In most cases these accounts are edited versions of a spoken interview. They have not been researched and may differ from the printed article.

Photographs by Brian Strauss (top) and Maria Stenzel


ZipUSA: 29550 On Assignment Author ZipUSA: 29550 On Assignment Author
ZipUSA: 29550

Field Notes From Author
Lynne Warren

Best Worst Quirkiest
    I started each morning sitting in the sun at the Culinary Company, right in downtown Hartsville on Carolina Avenue. Susan Goode, the owner, and all of her staff were so welcoming. It was a great place to shake off the sleepies.
    You can also get some classic Southern cooking—fried country ham, grits, red-eye gravy, mmmm—from the nice folks just down the street at Carolina Lunch, which happens to be open only for breakfast. I did eat there one day, but I was from the start a fan of the homemade banana-walnut pancakes at Culinary Company. So good. They'd pour me limitless amounts of serious coffee and never seemed to mind how long I sat going over interview notes, reading the Hartsville Messenger, and planning my work for the day. It became my home away from home.

    Drag racing is loud. Very, very loud. Hundreds of cars operating at thousands of horsepower make for an intensely noisy environment.
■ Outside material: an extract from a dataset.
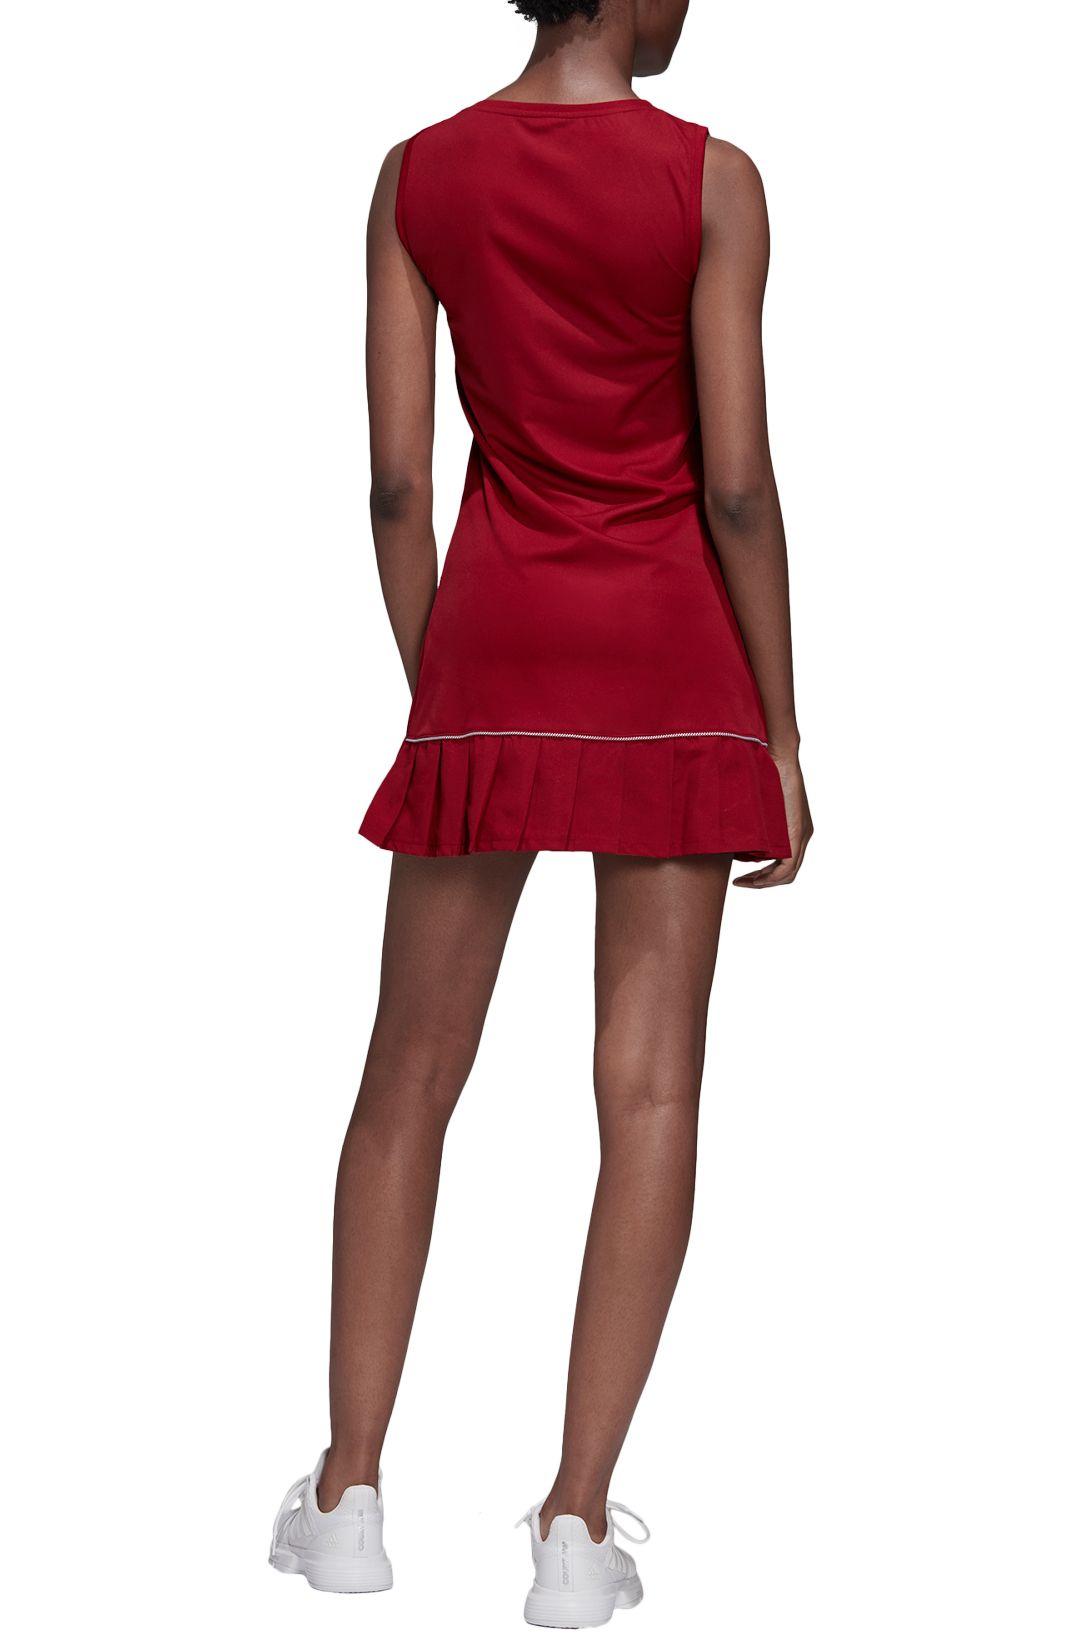 80d4a46141ec adidas Women's Club Tennis Dress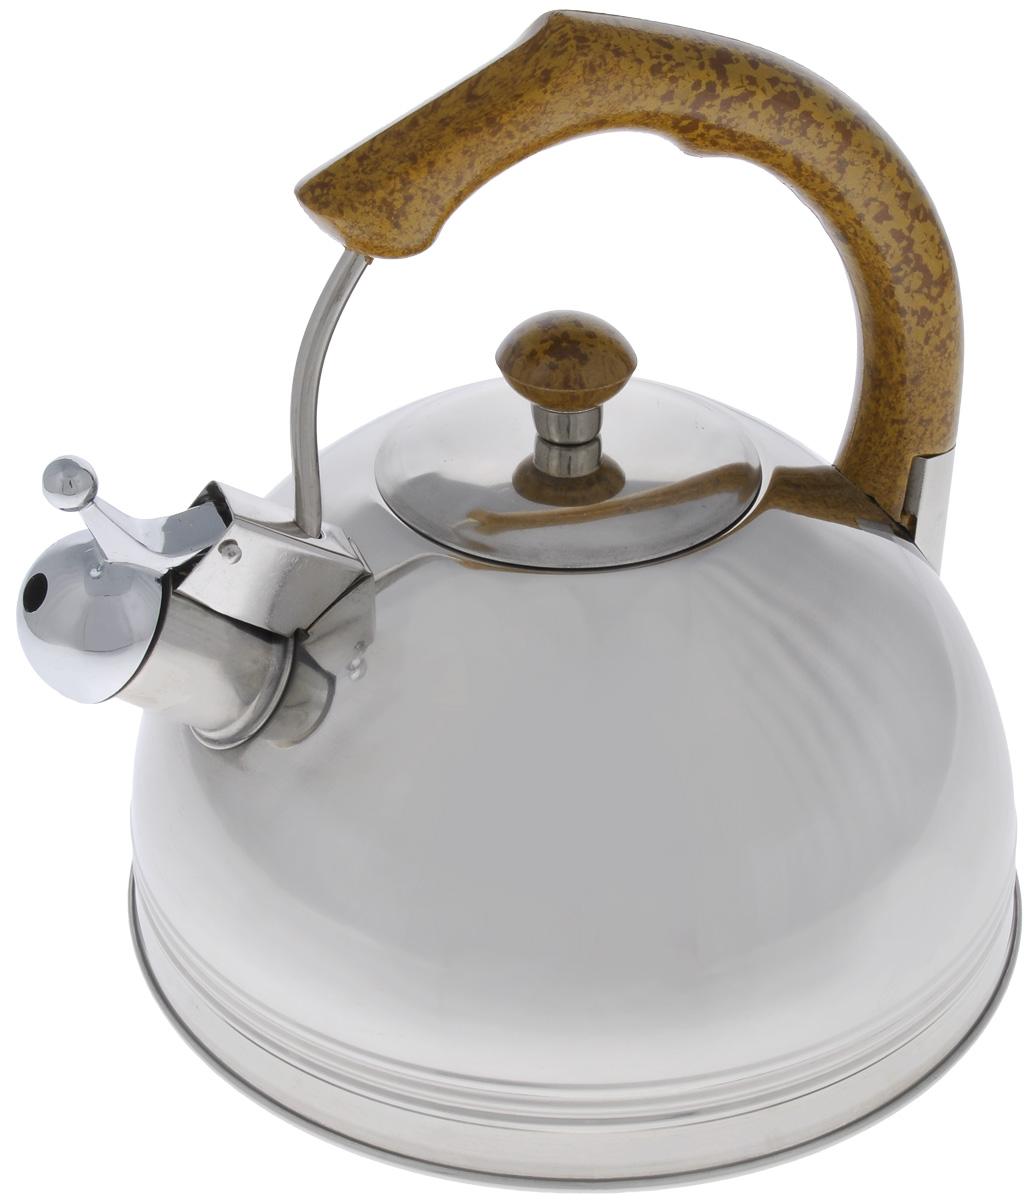 Чайник Mayer & Boch, со свистком, 2,5 л. 6088VT-1520(SR)Чайник Mayer & Boch выполнен из высококачественной нержавеющей стали, что делает его весьма гигиеничным и устойчивым к износу при длительном использовании. Капсулированное дно с прослойкой из алюминия обеспечивает наилучшее распределение тепла. Носик чайника оснащен насадкой-свистком, что позволит вам контролировать процесс подогрева или кипячения воды. Фиксированная ручка, изготовленная из бакелита в цвет дерева, делает использование чайника очень удобным и безопасным. Поверхность чайника гладкая, что облегчает уход за ним. Эстетичный и функциональный, с эксклюзивным дизайном, чайник будет оригинально смотреться в любом интерьере.Подходит для всех типов плит, кроме индукционных. Можно мыть в посудомоечной машине.Высота чайника (без учета ручки и крышки): 8,5 см.Высота чайника (с учетом ручки и крышки): 21 см.Диаметр чайника (по верхнему краю): 11,5 см.

Drag racing fans love the roar of the engines, the screaming of the tires; that's part of the appeal of the sport. But it really troubled me to see how many people at the track—including kids—were wandering around without any hearing protection at all. The Darlington International Dragway staff and the National Hot Rod Association (NHRA) folks, who were there to help run the race, wore earmuffs or plugs. (I wore muffs with plugs underneath, and I was still flinching from the assault on my ears.) The NHRA website recommends that spectators use hearing protection, but it's not required.
    Noise levels during an event, even at a fairly modest facility like Darlington, are high enough to cause significant short-term hearing loss in just one day at the track. People who go to a lot of races and don't protect their ears are doing cumulative, potentially permanent, damage to their hearing. Especially for the sake of the children involved, it's an issue that I'd like to see motor sports organizations—and fans—take much more seriously than they seem to now.

    After a week I'd had about all I could take of the noise and the crowds and the pavement at the track, so I headed west toward the tiny town of McBee. It's the gateway to the Carolina Sandhills National Wildlife Refuge. Forty-five thousand acres (18,200 hectares) of longleaf pine trees, wiregrass, woodpeckers, wetlands, and silence. Blessed silence. Several of the nice folks photographer Maria Stenzel and I met in Hartsville had invited us to come to church with them on Sunday, but on that particular morning what I really needed was some solitude. A couple of hours in nature's own cathedral—listening only to the sounds of the wind and the bugs and the birds—refreshed my spirit in a way no man-made experience possibly could.